That video part of it, and the navigation of it, and the playback features, and the recommendations is all still in that same wheelhouse. And so this goes to, as well as just how we think about innovation, right? We're trying to innovate in a way that is across a number of different verticals, and so our R&D team goes, "Okay, here's a big idea, right? Here's how it could play in maybe a core market, but I also think down the road, this could be adopted in a different market as well." And so we can innovate once, and then have an opportunity to really kind of, you know, license that type of innovation across multiple verticals.
And that's, again, getting back to your 130 employees on, you know, $400 million, that's part of the way we do it as well and how we're so successful, is thinking about those innovations across different types of markets.
Okay, rounding out the media discussion, in October, you filed a, I guess, a patent infringement suit against Shaw.
It's a breach of contract case.
Breach of contract-
Yeah
case against Shaw.
Yeah.
Maybe can you talk us through the lawsuit, you know, what the?
Sure
Dispute is?
Yeah, so we had a long-term agreement with Shaw. They are a Canadian pay TV operator, for those of you not familiar with the market. They had been a licensee of ours dating back to 2014. We signed a deal with them also in 2019 and been a paying customer in good standing for us for a long time. They recently merged with Rogers, another pay TV operator in Canada. And following that merger, you know, they ceased payments.
And so, after a while, you know, trying to figure out if there was some resolution that we could find, we ultimately decided that we needed to, you know, file litigation and get them back as a paying customer through that. It's not our preferred approach. You know, we've been tremendously successful in getting deals done without litigation. And, you know, we've signed 85 license agreements over the last 11 quarters. And, you know, virtually none of them are the result of litigation, right? And so, that track record is something we're really proud of, but when disputes do happen, and when there is a lack of payment, in this case, under an existing agreement, you know, we do feel like it's important to enforce our rights as well.
Okay. So, just to give you a little background, I wanted to shift gears to talk about the semiconductor side-
Sure
... of the business. So, you know, I know Paul and Keith. Paul from the Tessera days-
Yep
... which is one of the predecessor companies, you know, ahead of Xperi buying the company, and then ultimately the spin-out from Xperi for you guys. And then Keith and I date back to his time at Rambus. And so, so this is what I'm most familiar with, which is, unfortunately, a smaller chunk of your revenue versus the media.

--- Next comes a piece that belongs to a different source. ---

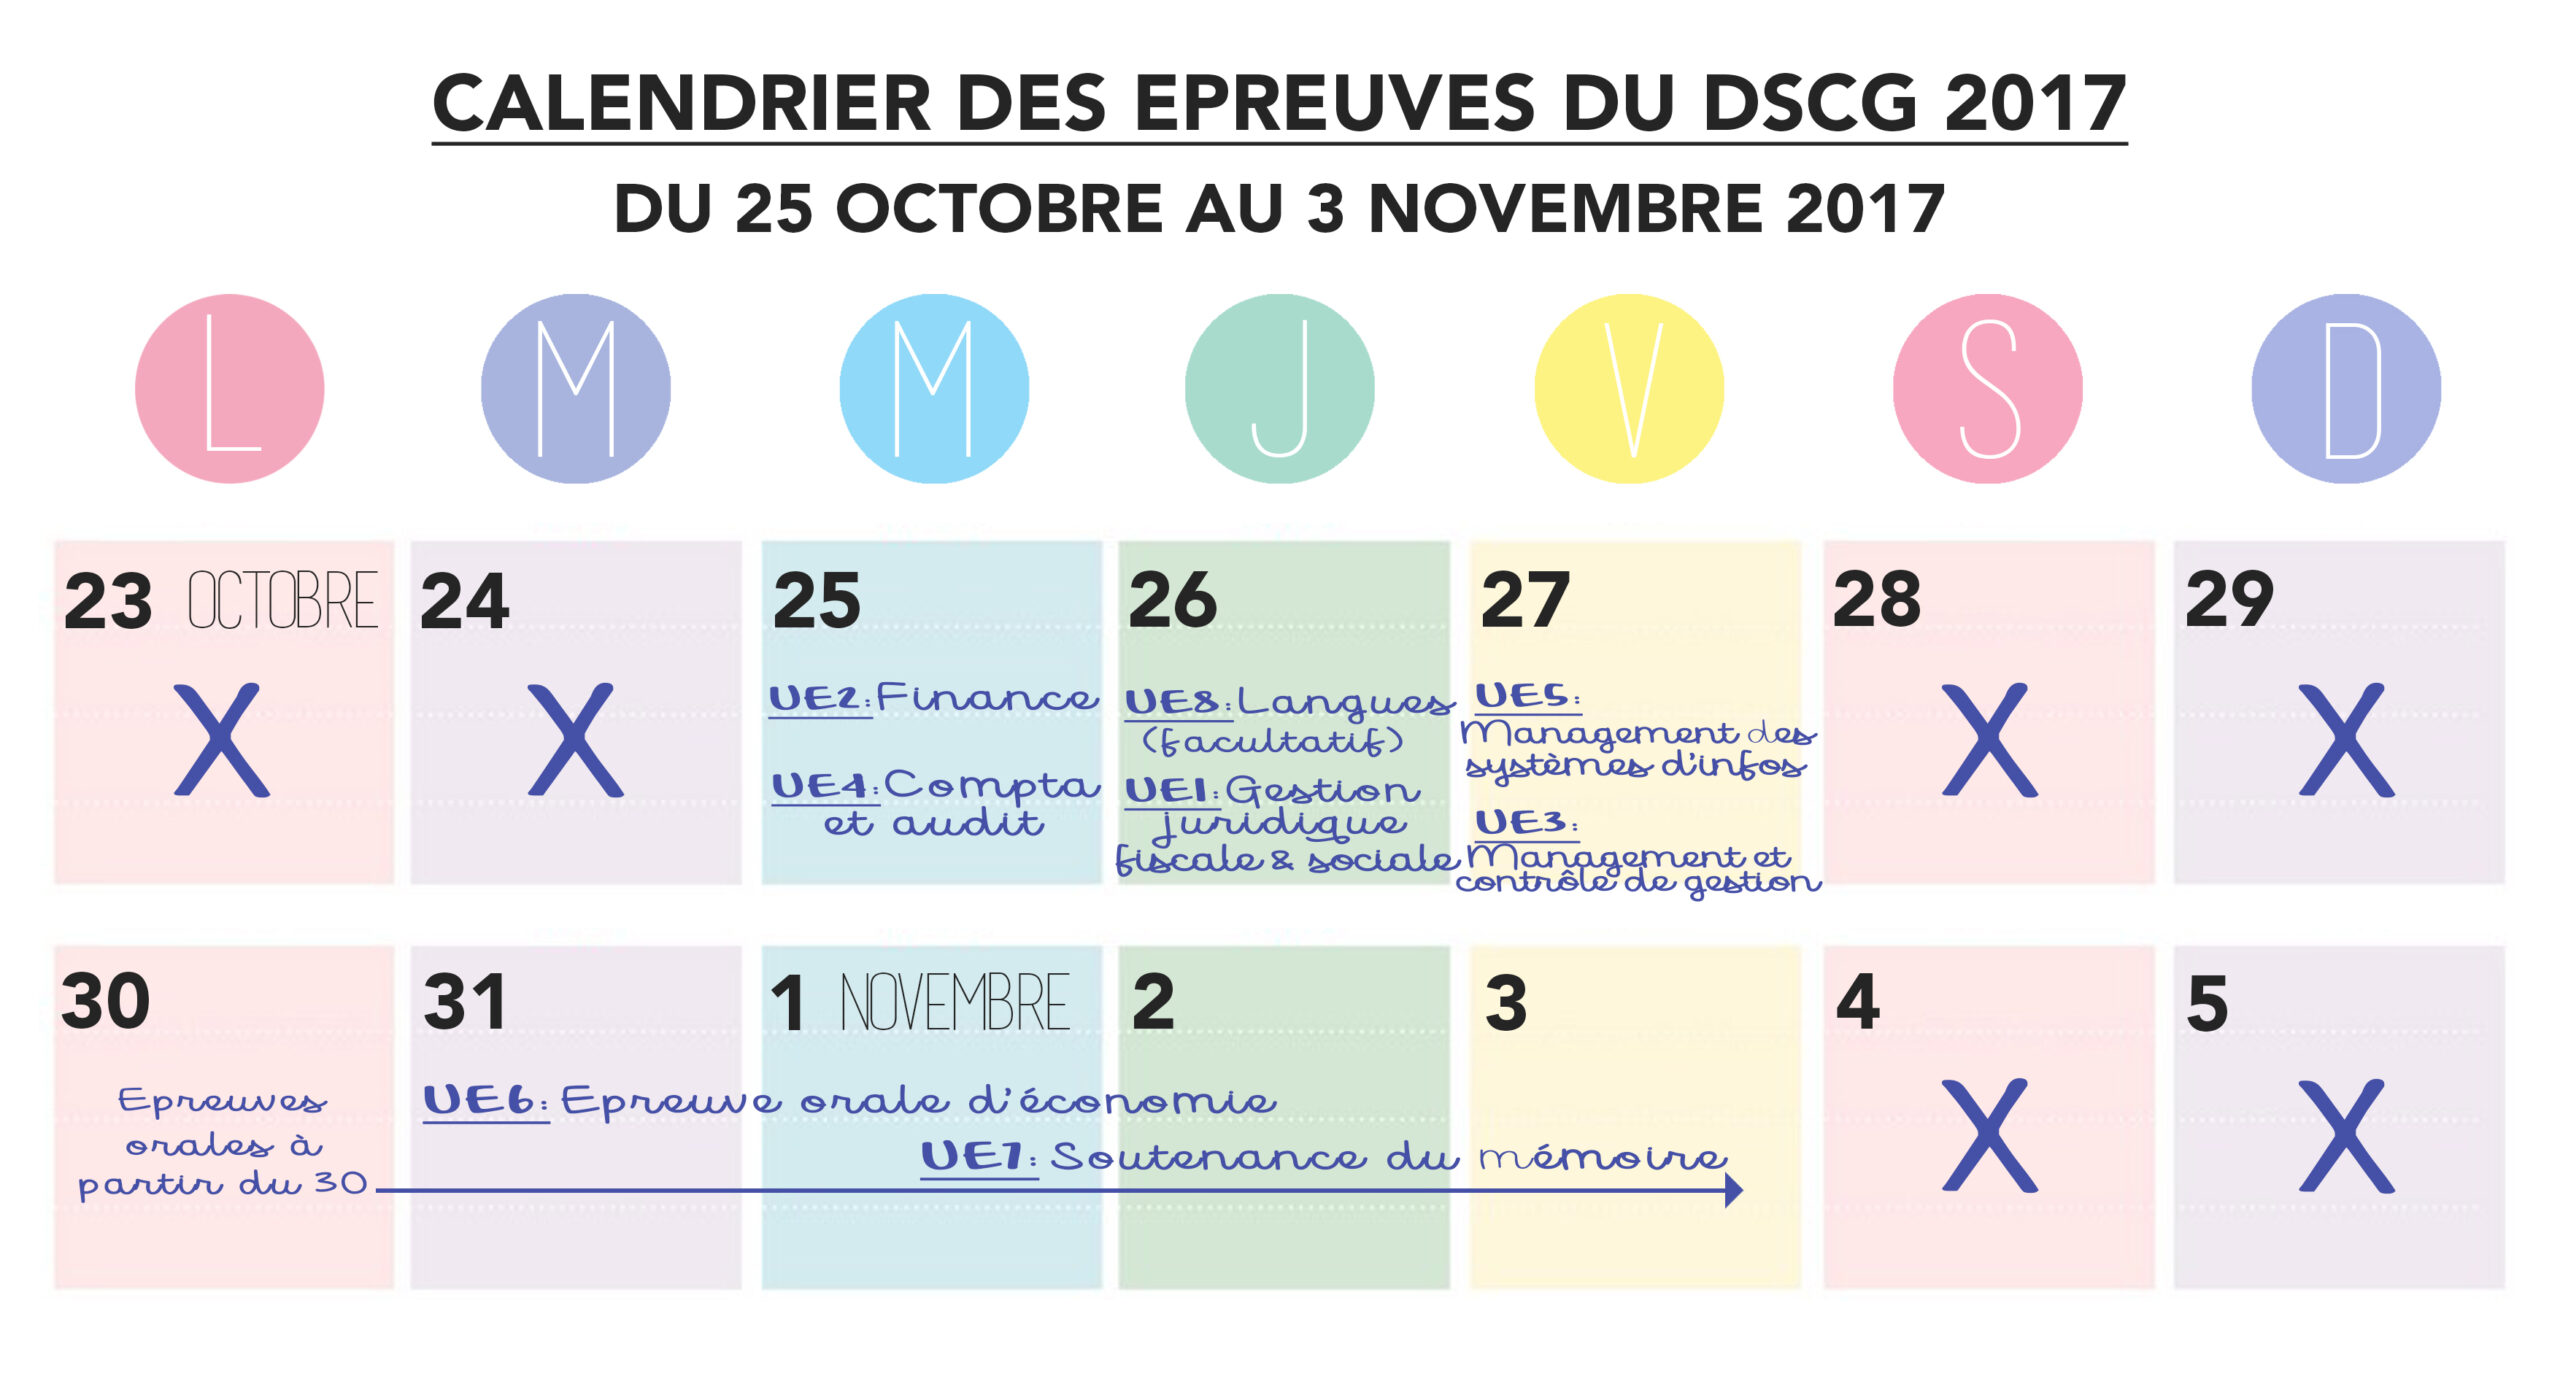 Le calendrier des épreuves du DSCG 2017

Maybe you can give us a little bit of background on the core technology that underpins your patents-
Sure
... and how you monetize that as well.
Sure. So, you know, dating back to the, you know, Tessera days, we were mostly known for chip-scale packaging. We really invented chip-scale packaging in 1990, licensed the, you know, taught and then licensed the entire industry on how to do chip-scale packaging. And then we went through an inflection point where, you know, trying to, trying to, you know, go into different areas. And ultimately, in 2015, we bought a company called Ziptronix, which had invented really a bonding technique, which we refer to as hybrid bonding, that allows, you know, to take two pieces of silicon, bond them together, and have interconnects through there, and so they act like one piece of silicon.
This is an area where started out in image sensors and RF devices with wafer-to-wafer bonding. Then we believe that there was a way to take it to really use it in both memory and in logic, which would require... In first of all, in memory, in NAND, you can still do wafer-to-wafer bonding, and we've signed recently two deals that we're very proud of with Western Digital and Kioxia at the beginning of this year. And those will... They announced products that will utilize hybrid bonding in that space.

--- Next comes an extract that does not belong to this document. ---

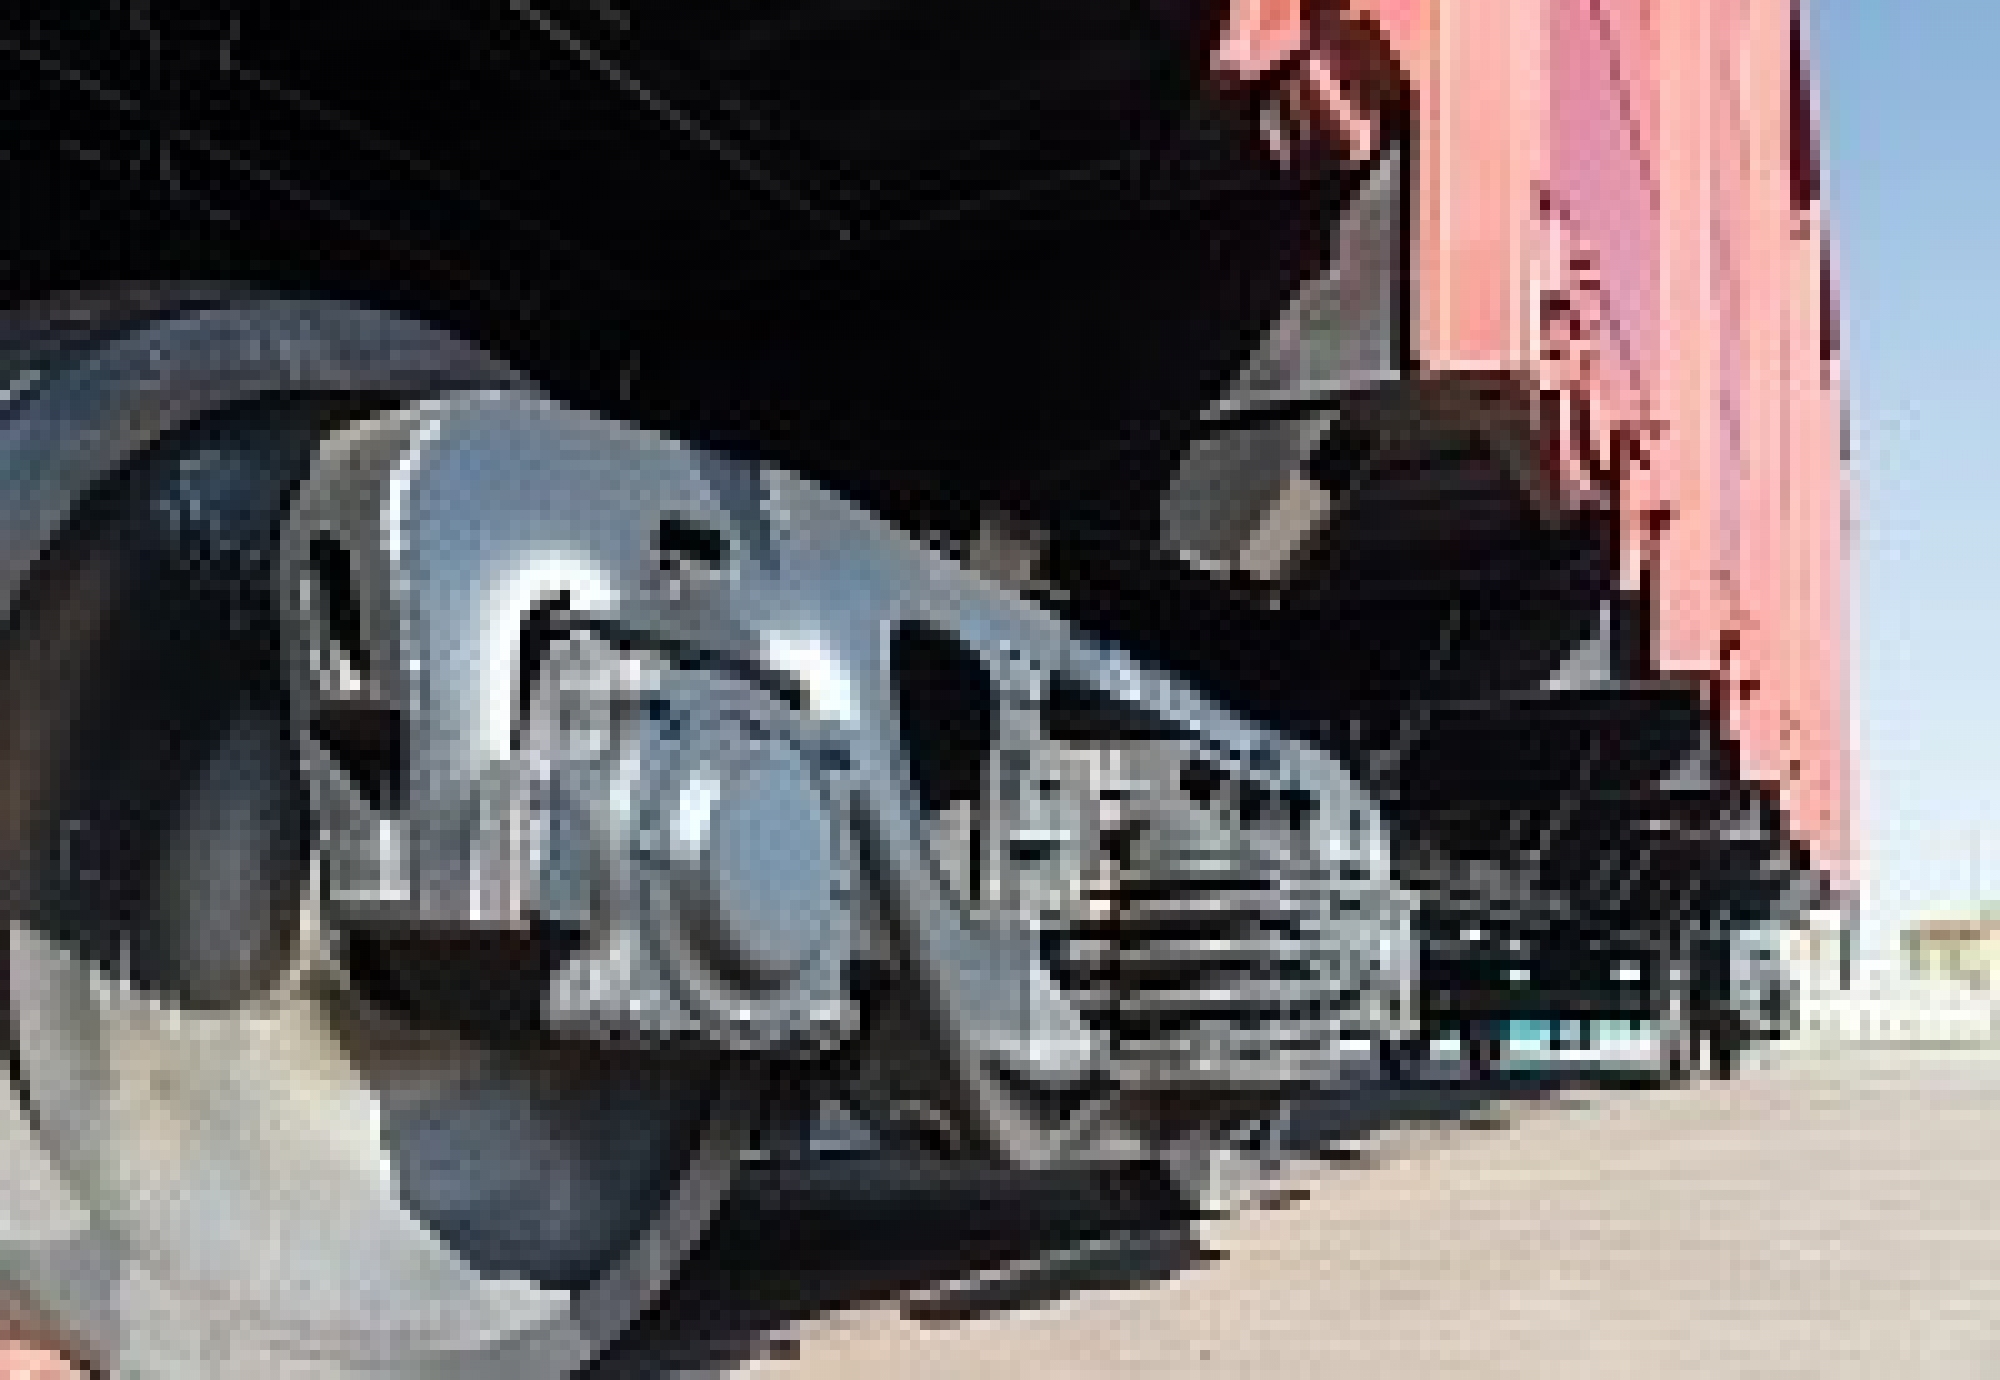 ПГК запустит вагоноремонтную компанию в Алтайском крае в 2022 году

Then, in addition, though, beyond just wafer-to-wafer bonding, we believed that you could also do die-to-wafer bonding or die-to-die bonding, and which is a something that we took from the acquisition in Ziptronix and really spent, you know, years developing and having that process. And today, you know, we've been able to demonstrate that to a number of our potential customers. And we're seeing that utilized in companies in the logic space that have a chiplet architecture, and they're using hybrid bonding to actually make that happen. And so that's a tremendous growth area for us, something that we're very excited about.
In addition to that, we also have an advanced processing node portfolio, and this is really kind of addressing the opposite side of hybrid bonding, where, you know, companies are trying to maximize the value proposition as Moore's Law is slowing, and trying to find technologies that will really allow them to continue to move to more advanced processing nodes. And so this is a collection of different assets that allow for that to happen. And so going from, you know, 7 nanometers to 5 nanometers, to 3 nanometers, to 2 nanometers, the amount of technology that's needed to do that and really get the performance advantage that you need has just, you know, increased. And so we've got a substantial portfolio in that aspect as well.

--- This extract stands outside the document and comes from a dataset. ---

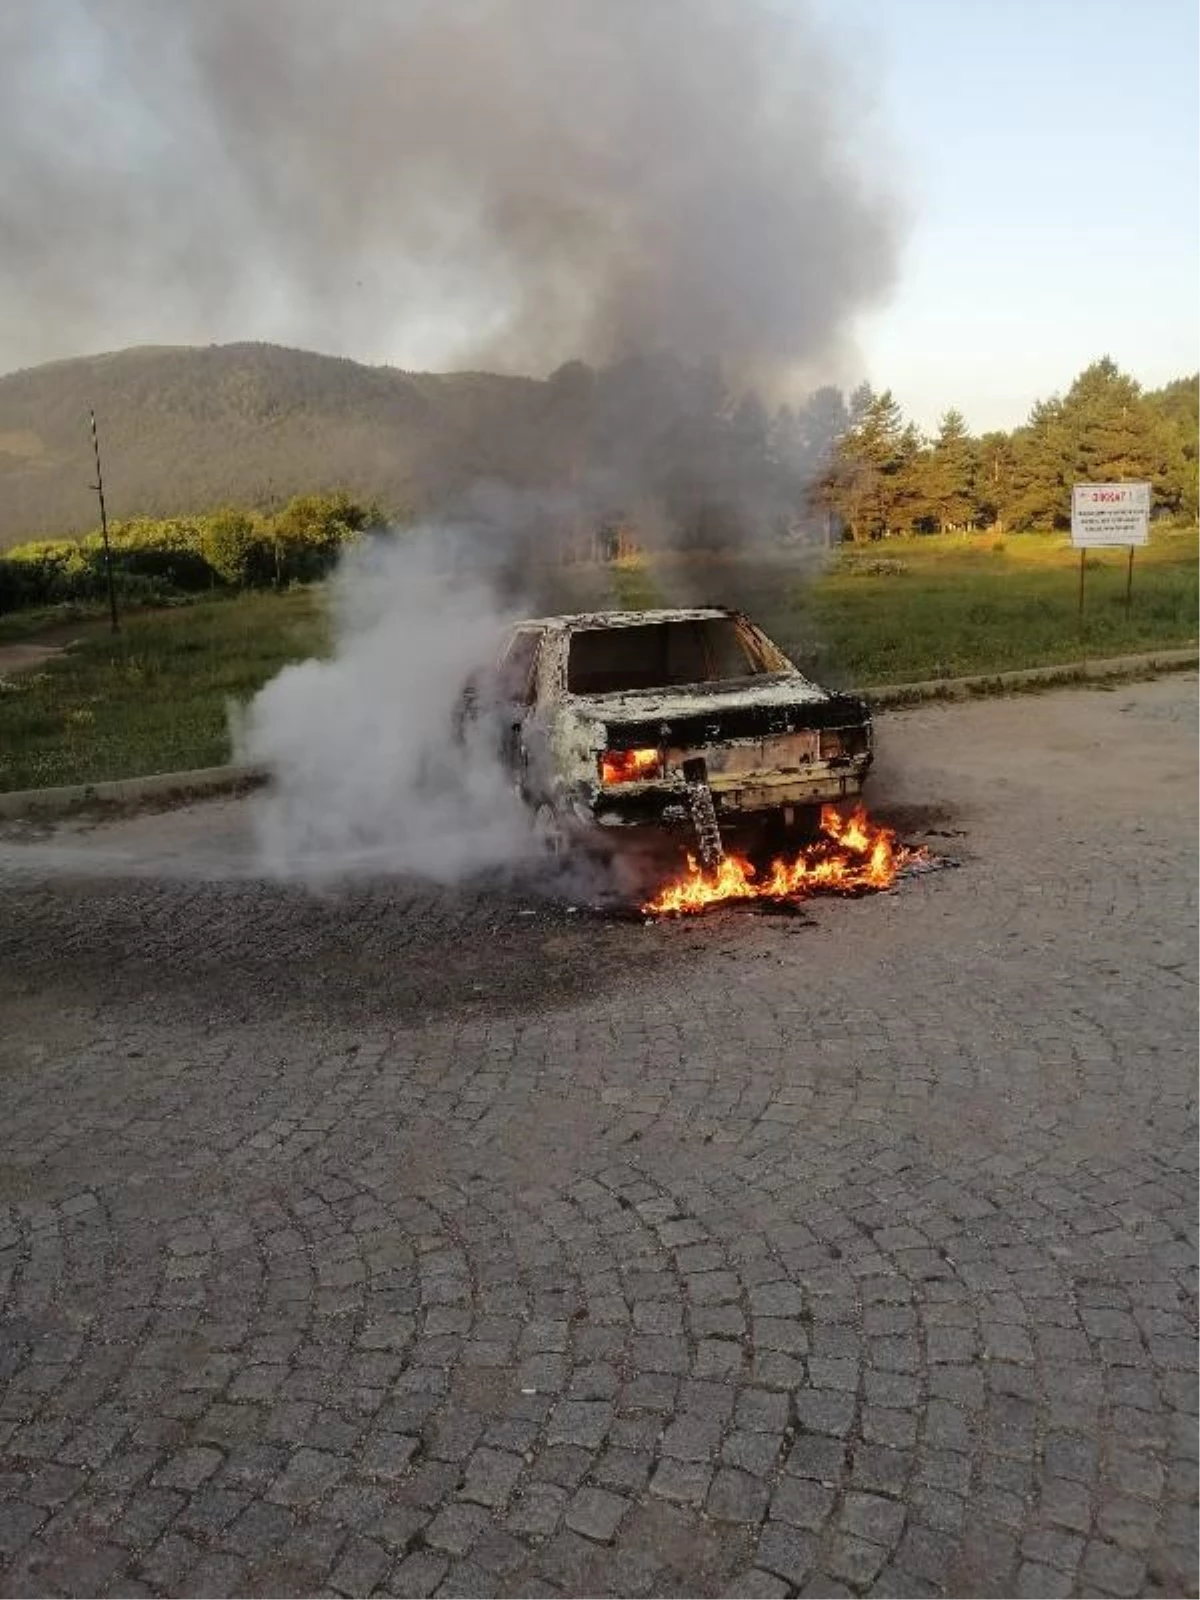 Abant Gölü Ulusal Parkı'nda Araba Yangını

In addition, we still have some advanced packaging patents as well.
For those who are not familiar, this is the concept of more, More than Moore , right?
Yeah.
So you can't drive monolithic-level scaling to the same degree you once did because-
Right
... the laws of physics, and so you have to find a new treadmill of innovation-
Right
- which is all about stacking die together. Yeah.
Yeah. Yeah, absolutely. And that we, you know, that is, that is what we are very excited on the hybrid bonding side, 'cause you can... You know, I like to think about it in concept of New York real estate, right? You know, you can't... You only can go vertical, right? And that's the same thing in the semiconductor spaces. Stacking vertically is where you can go, and hybrid bonding allows for an incredibly fine pitch. And so you're able to do it in the same, you know, footprint that you would, you know, conventional models, which would, you know, but with many more layers on top of it. And so it has tremendous advantages from a cost standpoint, and the performance is still is maintained, you know.
Okay. If I'm not mistaken, you've licensed roughly 10% of the logic semiconductor market in revenue terms. What's the maximum that you think you can have under license?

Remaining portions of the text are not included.